I would however like to emphasize that I’m not trying to tear down or belittle the work that this year’s EC did. This year’s elections were probably the smoothest and best-organized elections I have seen during my time at UBC, with this one exception. It is a new system, and mistakes do happen; albeit a rather titanic one in this case. That aside, I think the response following the discovery of the exploit has been handled very well, and I appreciate the levels of public disclosure.
More detailed and technical analysis after the jump.

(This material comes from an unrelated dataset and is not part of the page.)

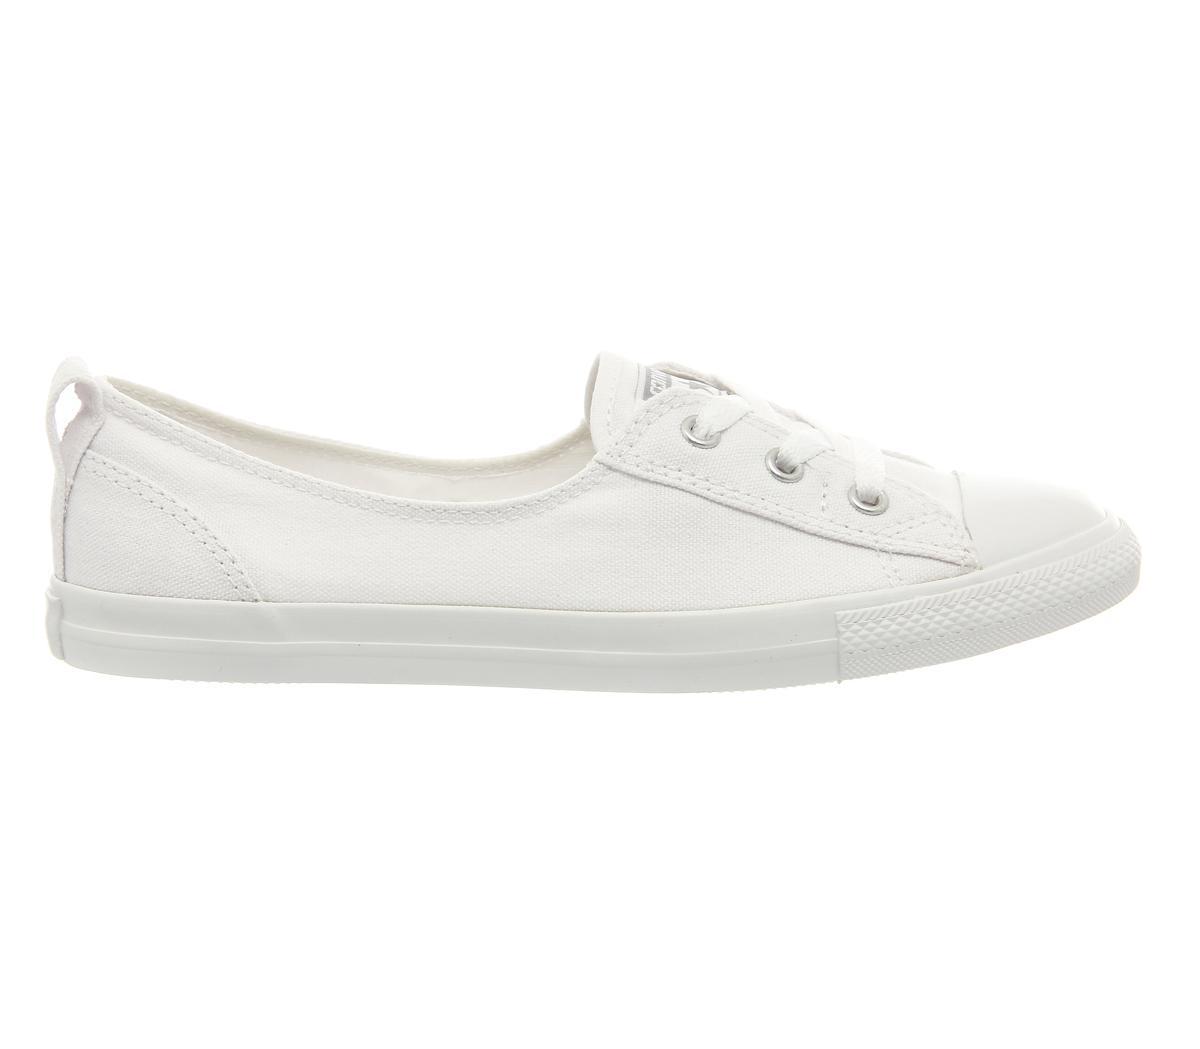 Ctas ballet lace white dress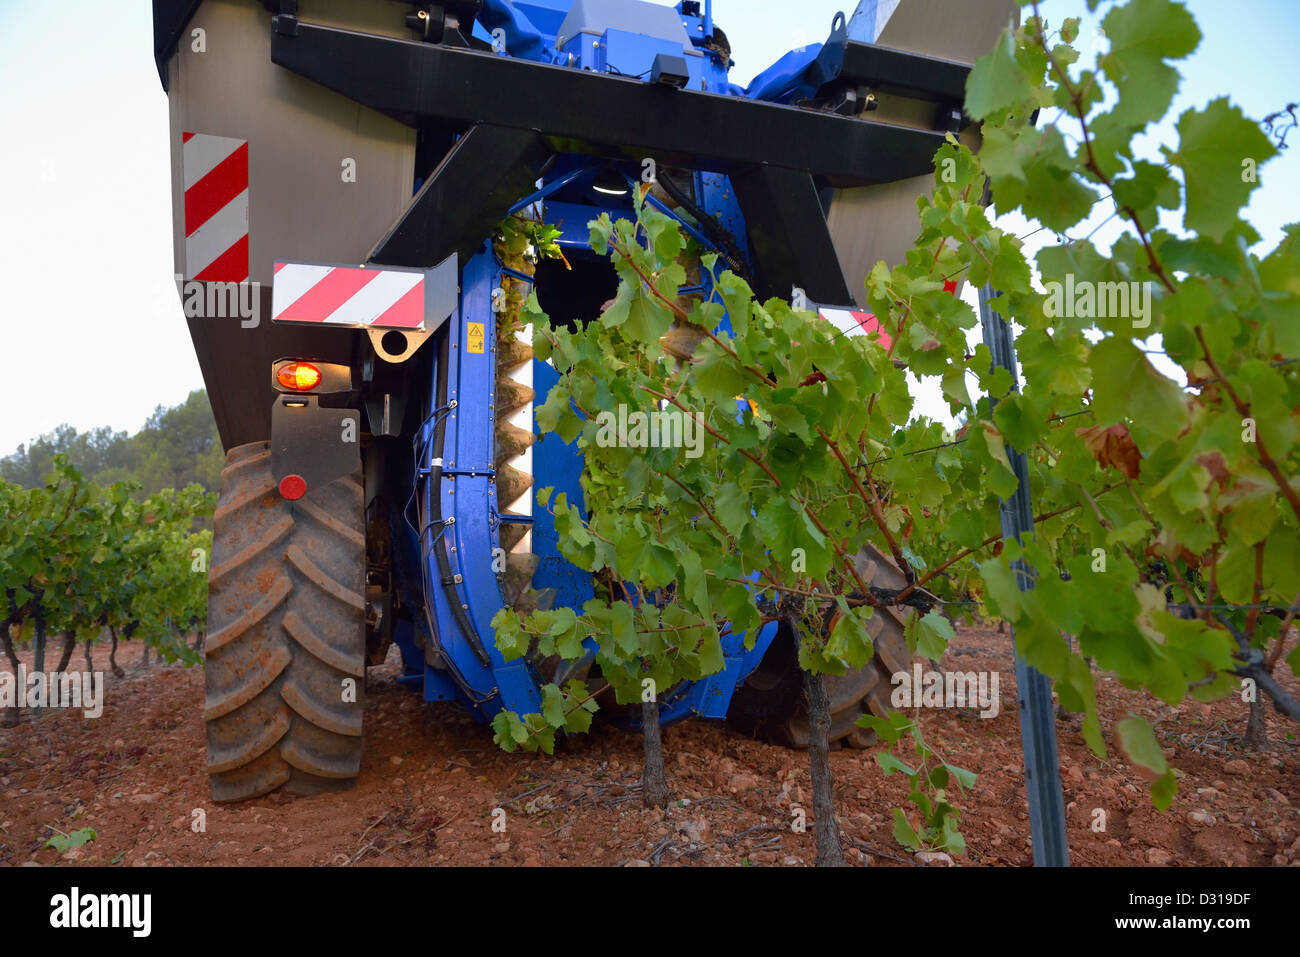 Grape combine harvester machine in vineyards near Sainte-Victoire mountain, Trets, Rhone region, France - Stock Image

The Voting Process (in techspeak)
The actual exploit itself is frustratingly simple. In fact, I’m frankly irritated I didn’t discover the hole myself and point it out before voting closed. Bear with me a bit if things get technical, I’ll do my best to make things clear.
Note: This information is based off my understanding of the system, the presentation from the EC at AMS Council, and some questions asked of the CRO. No guarantees are provided regarding the specific details of the exploit.
When a voter logged into the system, it asked for their CWL information. Their CWL username and password were then sent to UBC’s authentication server, which then responded with information indicating if the login was successful as well as details about the student. One of these details is the user’s student number. This number was then cross-referenced with a list provided by the Registrar’s office to ensure the user was a valid AMS member who was eligible to vote.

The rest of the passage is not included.